Le président Berri s’est prononcé jusqu’ici en faveur d’un gouvernement d’entente nationale et de “résistance économique, à former en coordination avec le président de la République”. Les milieux politiques se sont arrêtés, d’autre part, sur les propos que cheikh Hassan Nasrallah, secrétaire général du “Hezbollah”, a tenus au cours du meeting organisé, récemment, en mémoire des martyrs de Jabal el-Rafih: son fils Hadi, Ali Mohamed Kaoussarani, Haytham Mohamed Debouk et d’autres encore considérés comme “les artisans de la libération de la victoire”. Cheikh Nasrallah a parlé en termes durs des récentes législatives, disant qu’elles avaient laissé des séquelles au double plan sectaire et confessionnel, dont la patrie est sortie sérieusement affectée.

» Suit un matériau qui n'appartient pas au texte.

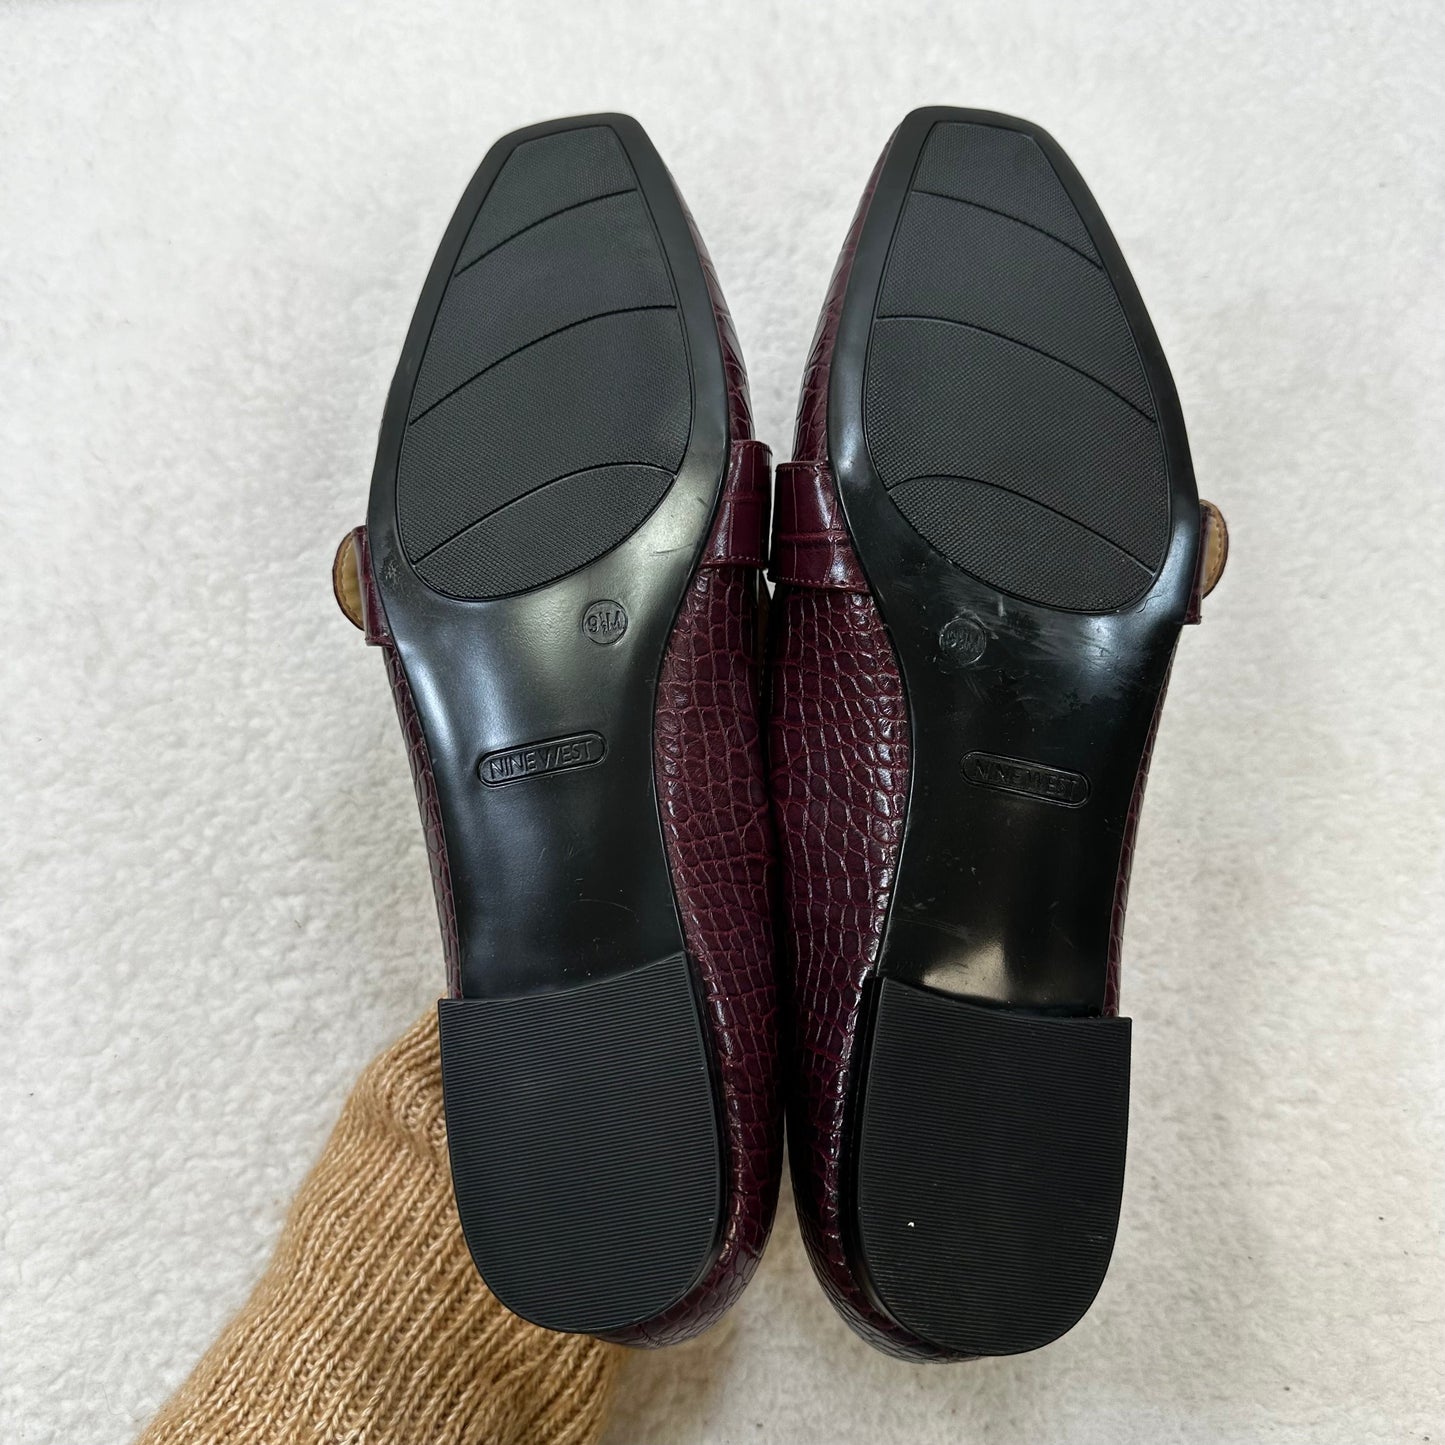 Maroon Shoes Flats Loafer Oxford Nine West, Size 9.5

“Il s’agit, dit-il, d’un indice inquiétant pour l’avenir. Pouvons-nous édifier une nation digne de ce nom dans de telles conditions? La faim, la misère, le chômage et l’analphabétisme ne distinguent pas entre un Libanais et un autre et entre une communauté et une autre communauté. Nous ne pouvons édifier une patrie sur des bases tribales, comme l’est le confessionnalisme dans toute l’acception du terme. Nous ne pouvons pas, non plus, édifier un Etat moderne et consolider nos institutions avec des slogans et les incitations confessionnelles”.
Aussi, le chef du “Hezbollah”, a-t-il mis en garde contre le retour au confessionnalisme, au sectarisme et au tribalisme. “Non, ce n’est pas pour cela, s’est-il écrié, que nos martyrs ont consenti le sacrifice suprême”. Par ailleurs, M. Moustapha Saad, député de Saïda et l’un des colistiers de Mme Bahia Hariri, a pris violemment à partie, cette semaine, M. Rafic Hariri, s’opposant à son retour au Sérail, en affirmant que “l’honnêteté, la droiture, l’abnégation et l’éloignement des intérêts personnels doivent servir de critères pour le choix du futur Premier ministre”.
“Tout est possible”, a-t-il répondu quand il a été interrogé sur le point de savoir s’il était candidat à la présidence du Conseil.